Problem – Each line from the one containing "Long bridge over" to the end of the data must be copied exactly, the first and last included; no other lines and no pictures belong in the copy.

Source data –
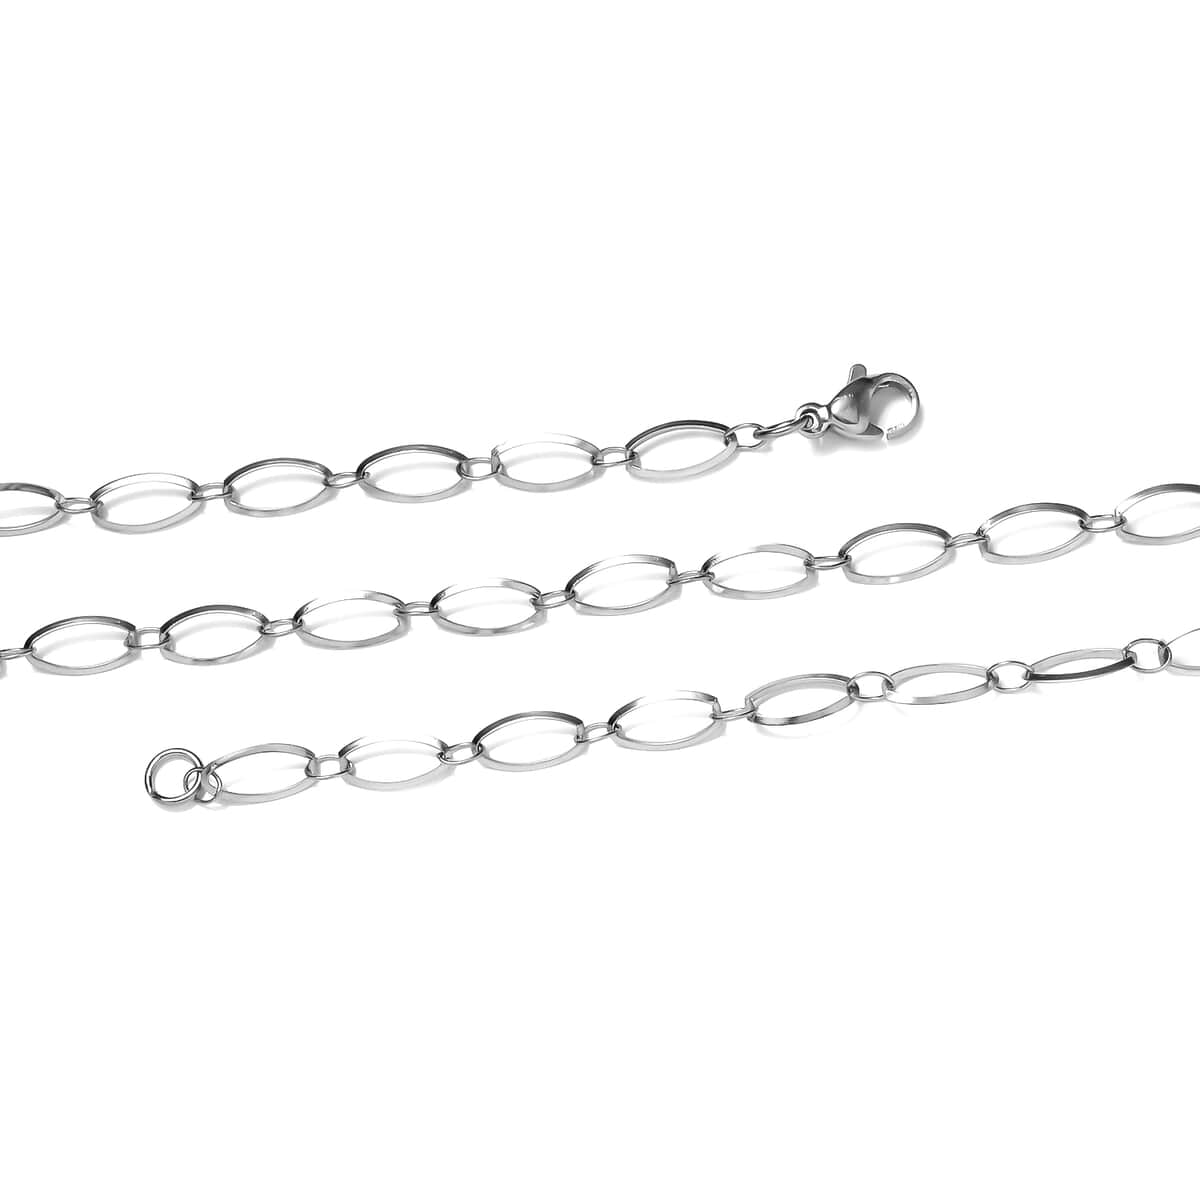 Set of 7, Beads, Wheat and Long Short Link Chain 3pcs Necklace 20 Inches, 3pcs Bracelet (7.5-8.0In) and 1pc Magnetic Lock in Stainless Steel image number 3
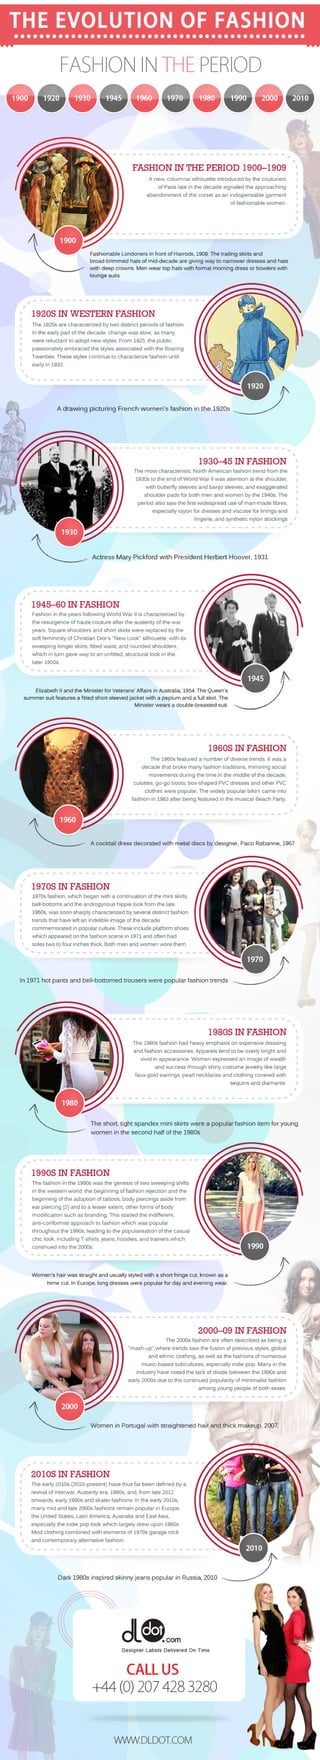 Fashion Trends Evolution- Info-graphics by Dldot
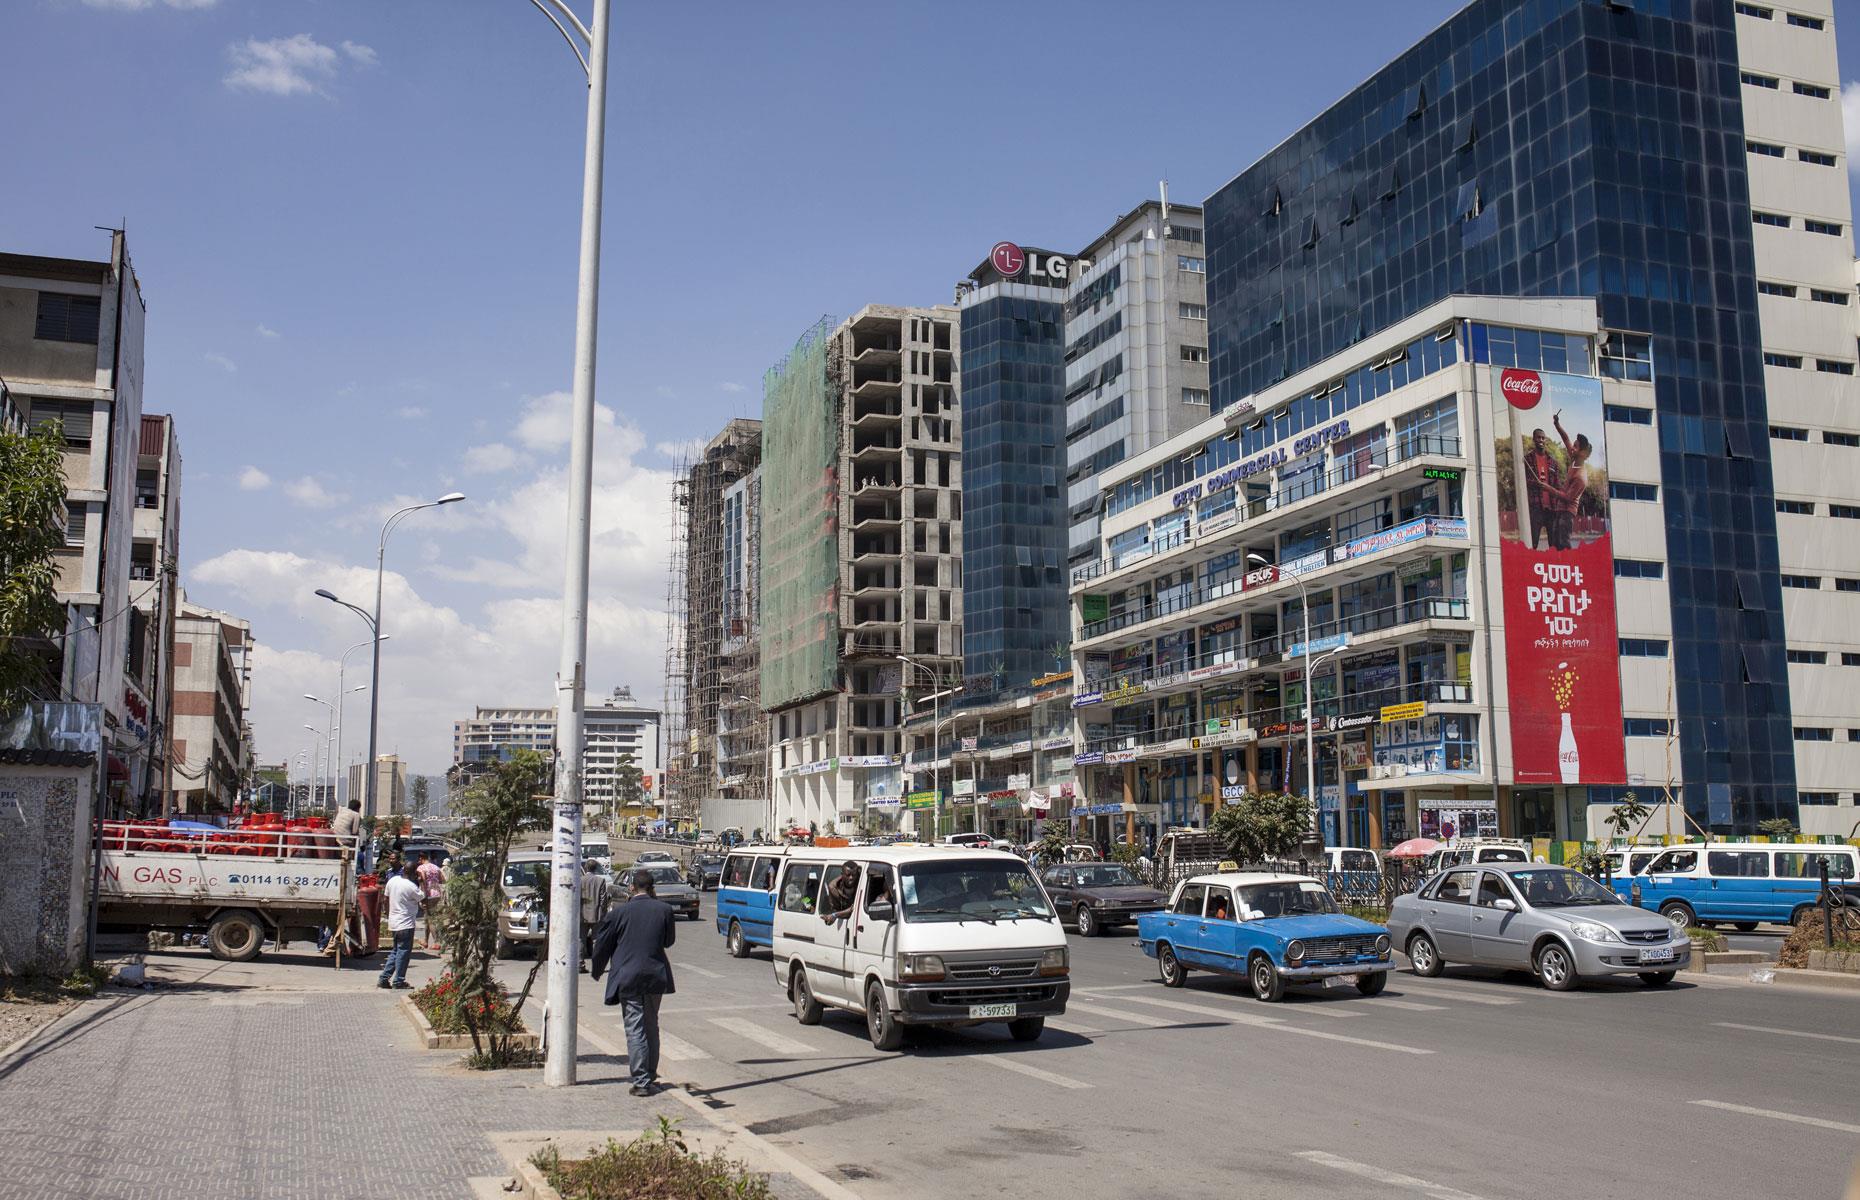 Ethiopia: 8% growth rate
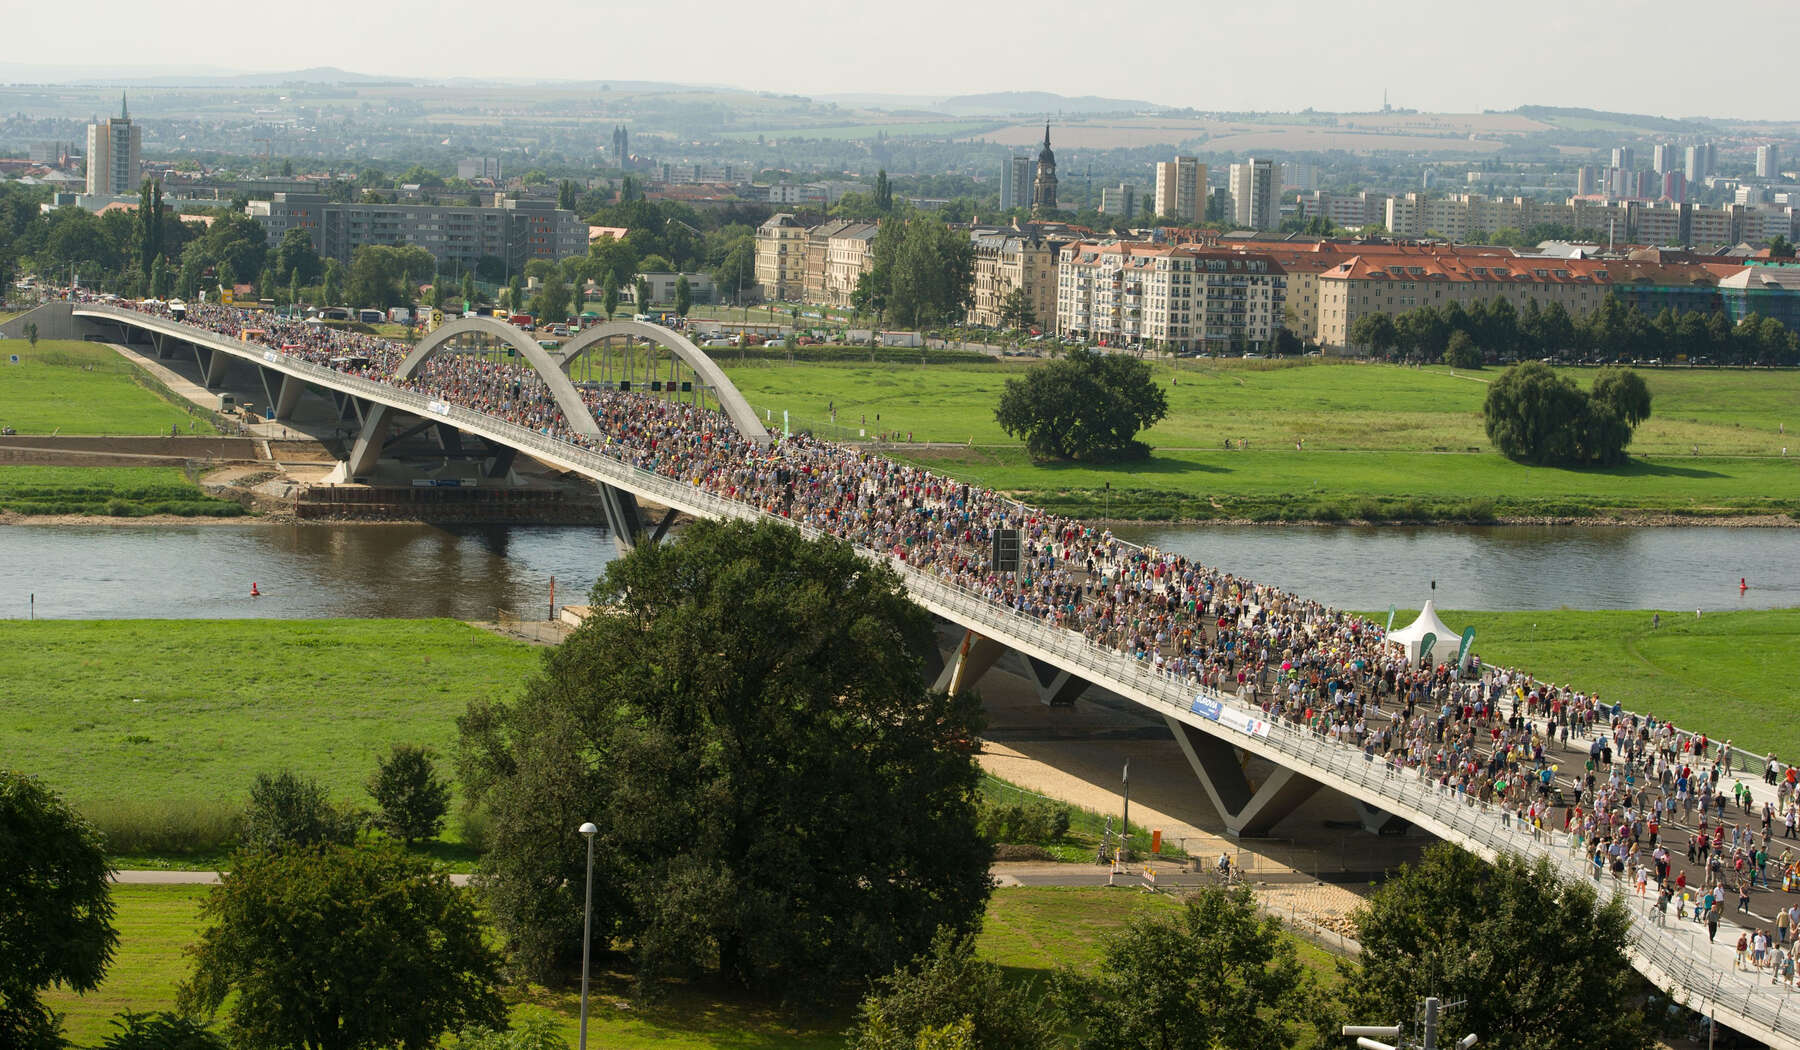 Long bridge over a river and field completely filled with crowds of people as they head toward the city in the background.
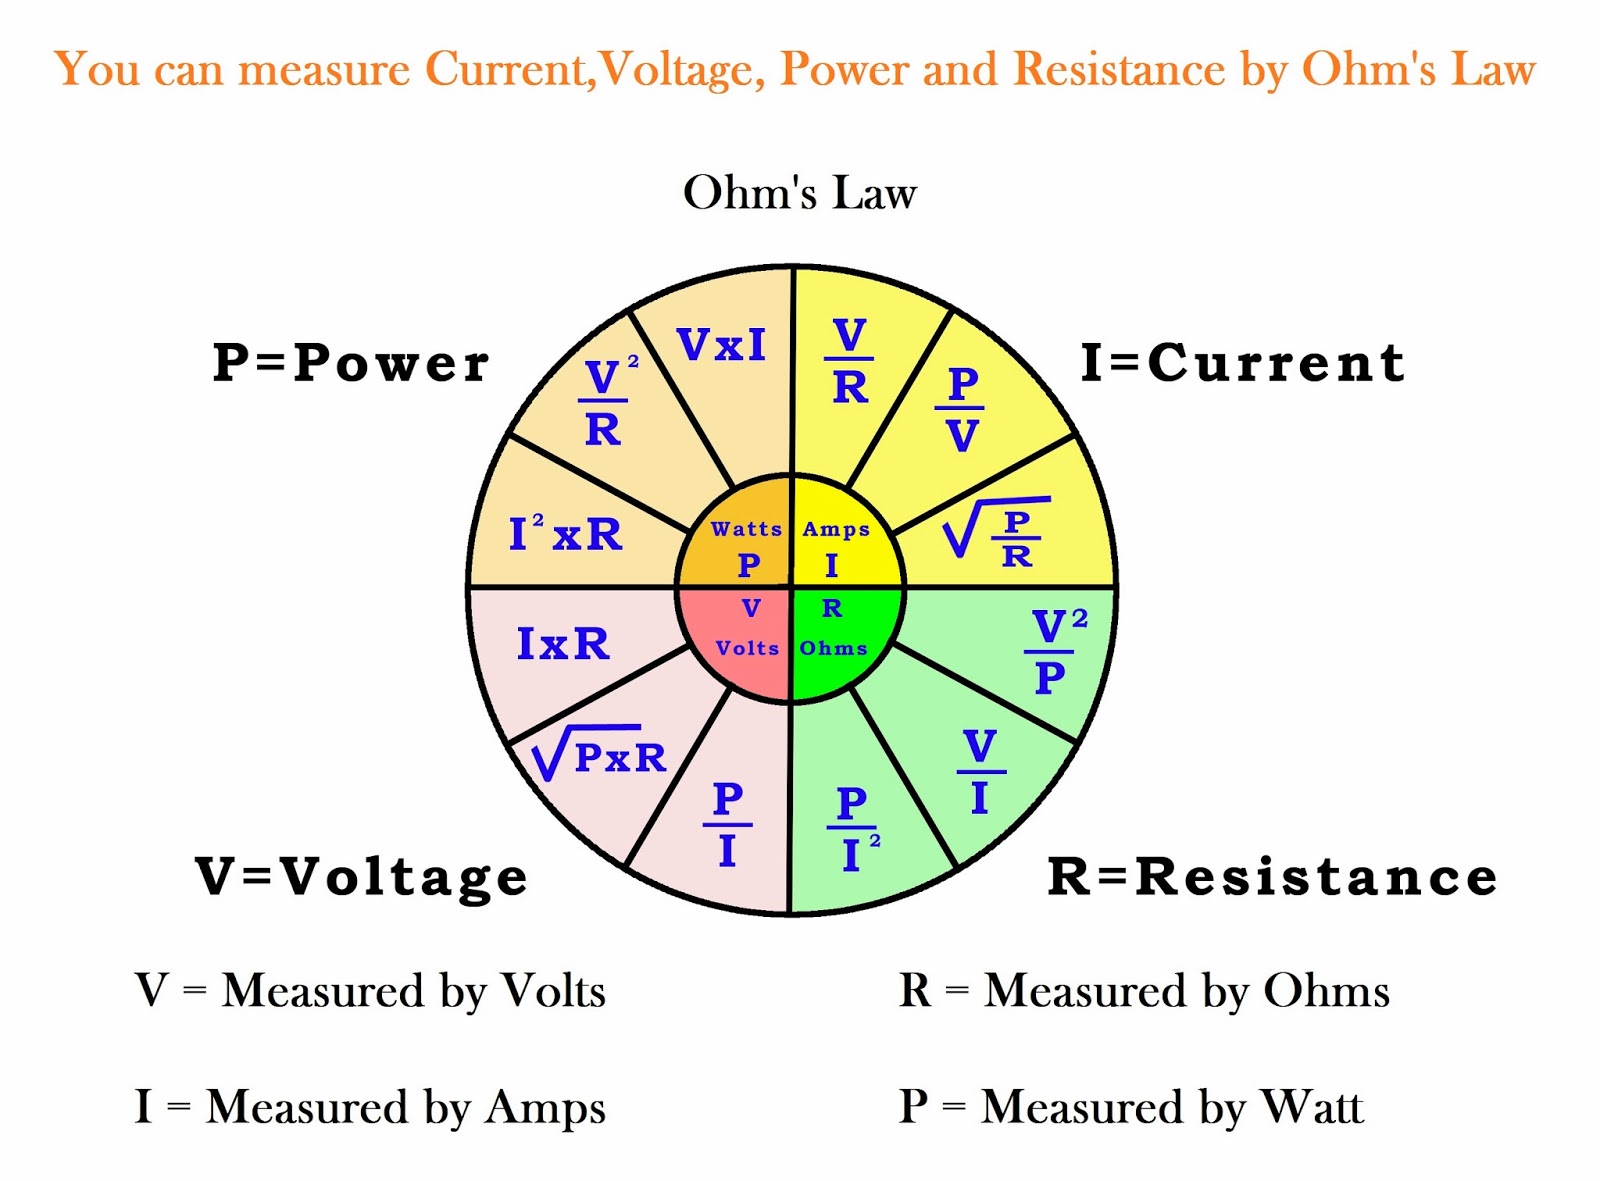 Electrical & Electronic Engineering: Ohm's Law, Current Voltage

Output below –
 Long bridge over a river and field completely filled with crowds of people as they head toward the city in the background.
 Electrical & Electronic Engineering: Ohm's Law, Current Voltage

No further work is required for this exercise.